Keep in mind, a SciDB process can be a little greedy memory-wise. The micro instance may not have enough RAM.
When setting up EC2 clusters, the big headache is IP addresses, password-less SSH and ports. EC2 has VPC and “Placement Group” features that may help ease the pain with IP addresses.
You need to make sure postgres is running on coordinator and the pg_hba.conf file allows the other instances to connect.
22 for SSH. Instances need to be able to password-less ssh to each other as scidb user.
5432 for postgres accessible to all instances
All instances need to be able to communicate to all other instances
SciDB coordinator runs on port 1239
Other instances run on port 1240+, the first instance on each machine starts at 1240 and then increments by 1.
So if you are running 8 instances on each machine, you would need to open 1239-1247
If you are running 1 instance on each machine, open 1239-1240
8080 on coordinator accessible to the outside world (for HTTP clients if you want to use it)
8787 on coordinator accessible to the outside world (for RStudio server if you want to use it)
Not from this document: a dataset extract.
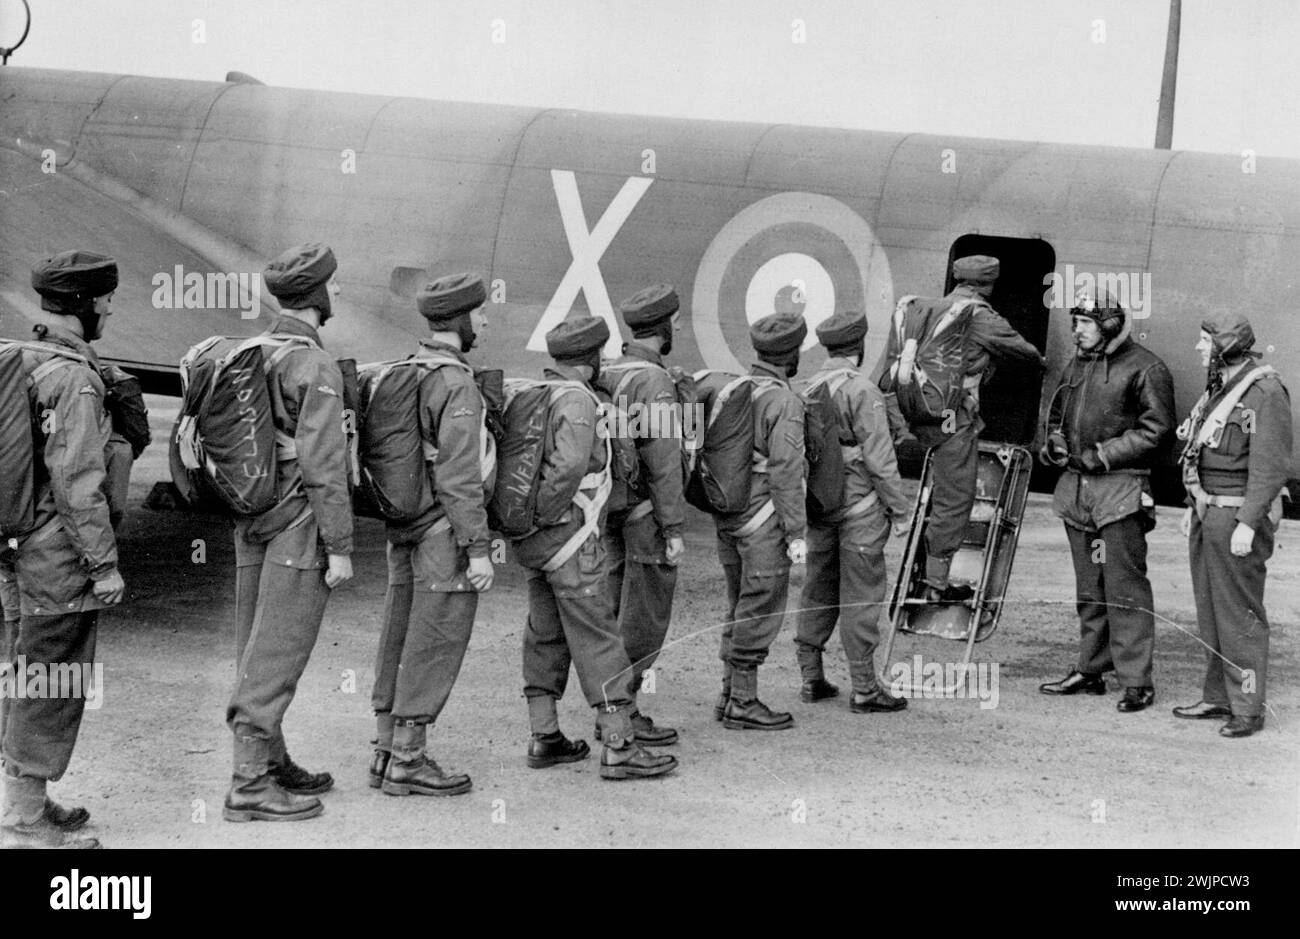 Britain's Paratroops in Training -- Paratroops emplaning in Whitley aircraft. These Pictured taken at an R.A.F. Station where parachute troops are in training show the varied activities of members of Britain's newest 'Army' who are in training for the important part they will have to play when Britain takes the offensive on land. October 23, 1941. (Photo by Planet News Ltd.). Stock Photo

8888 on coordinator accessible to the outside world (for iPython notebook if you want to use it)
For high-performance linear algebra, SciDB uses Scalapack/MPI and we recently discovered MPI will pick a random port on every query.
So to run linear algebra (operators gemm and gesvd) you need to open nearly all ports
10000-65535 accessible to all instances; note: you don’t need to open them to the outside world, just for the instances to talk to each other
If you don’t do this, operators gemm/gesvd won’t work, but the rest of the system will run OK.
Let us know how it goes!